• No results found

NATUUR, CULTUURHISTORIE EN ARCHEOLOGIE 1 Flora en fauna

CONCLUSIES EN ADVIES Resultaten perceel 5780

5. NATUUR, CULTUURHISTORIE EN ARCHEOLOGIE 1 Flora en fauna

5.1.1 Inleiding

Natura 2000 is het Europese netwerk van beschermde natuurgebieden in de Europese Unie. Dit netwerk verbindt bestaande natuurgebieden die vallen onder de Europese Vogelrichtlijn- of de Habitatrichtlijngebieden. De Vogel- en Habitatrichtlijnen zijn bedoeld ter bescherming van bedreigde levensgemeenschappen van planten en dieren en bedreigde soorten van planten en dieren en hun leefgebieden. De Vogel- en Habitatrichtlijnen zijn geïmplementeerd in de Nederlandse wetgeving middels de Wet natuurbescherming. Deze wet is op 1 januari 2017 in werking getreden en vervangt de Natuurbeschermingswet 1998, de Flora- en faunawet en de Boswet.

5.1.2 Gebiedsbescherming

De Wet natuurbescherming voorziet in specifieke kaders voor gebieden die op grond van internationale verplichtingen moeten worden beschermd, te weten de Natura 2000-gebieden, bedoeld in de Vogelrichtlijn en de Habitatrichtlijn.

Ten aanzien van de gebiedsbescherming is het de bedoeling dat plannen en projecten eenduidig en integraal worden getoetst op hun invloed op de te beschermen natuurwaarden in de Vogel- en Habitatrichtlijngebieden.

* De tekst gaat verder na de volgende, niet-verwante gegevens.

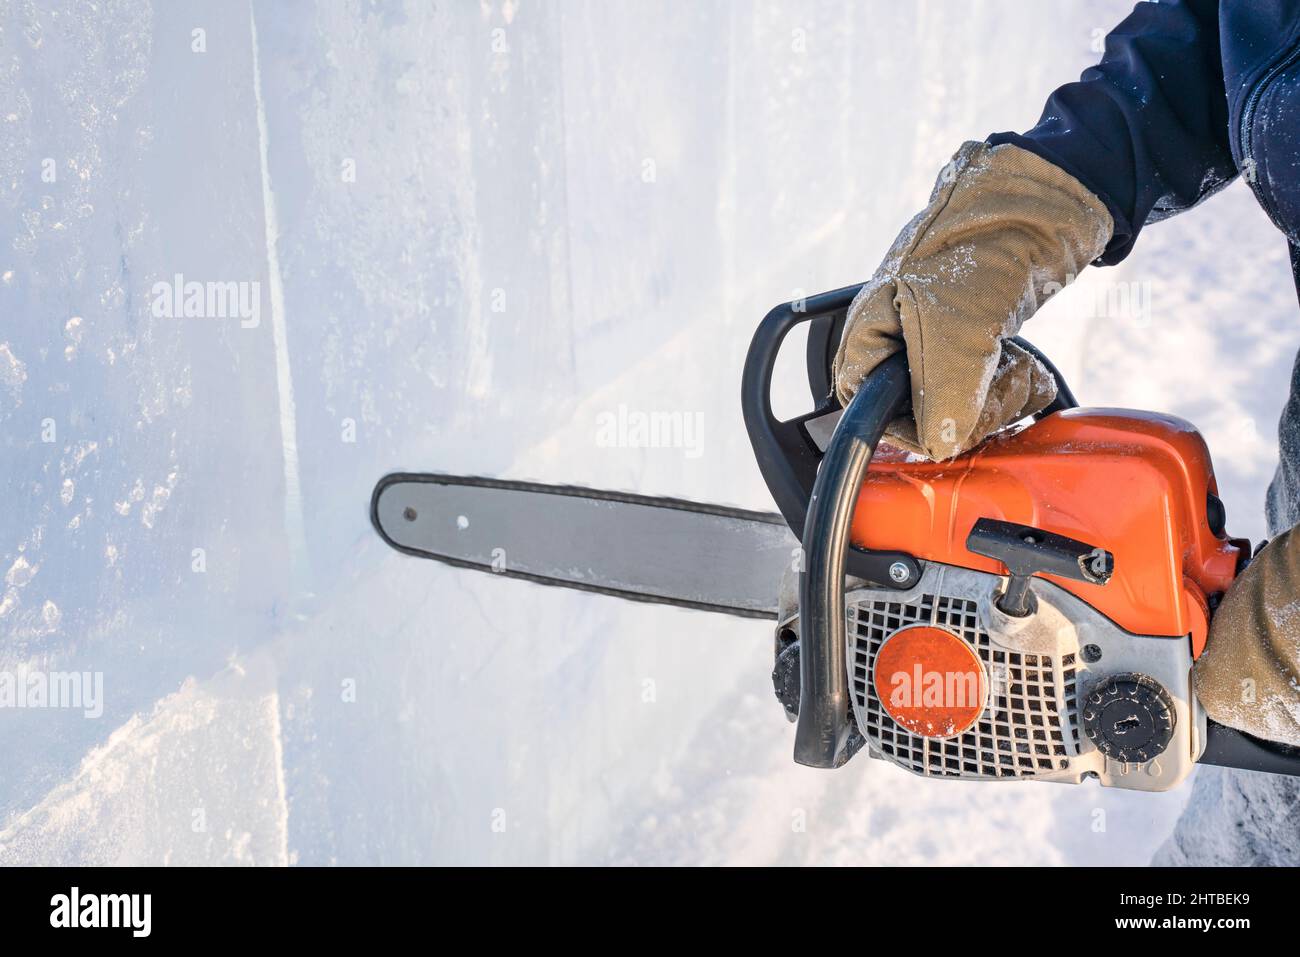 Realizzare sculture di ghiaccio. Un uomo taglia la superficie in un blocco di ghiaccio con una sega a benzina sul lago Baikal. Foto Stock

Het dichtstbijzijnde gelegen Natura 2000-gebied betreft het Vogelrichtlijngebied ‘Rijntakken’. Dit gebied is op een afstand van ruim 14 kilometer van het plangebied gelegen. De beoogde herontwikkeling heeft op een dergelijke afstand geen invloed op het Vogelrichtlijngebied ‘Rijntakken’.

5.1.3 Soortenbescherming

De Wet natuurbescherming heeft tot doel in het wild levende planten en dieren te beschermen met het oog op de instandhouding van soorten. De verbodsbepalingen en afwijkingsmogelijkheden in de Wet natuurbescherming zijn uitsluitend van toepassing op de soorten waarvoor dit onmiddellijk voortvloeit uit de vereisten van de Vogelrichtlijn, de Habitatrichtlijn, het Verdrag van Bern, het Verdrag van Bonn, het Biodiversiteitsverdrag en de Benelux-overeenkomst op het gebied van de jacht en de vogelbescherming. Het gaat daarbij om alle op het Europees grondgebied in het wild levende vogels en voorts om de dieren en planten van de soorten van Europees belang die van nature op het Nederlands grondgebied voorkomen.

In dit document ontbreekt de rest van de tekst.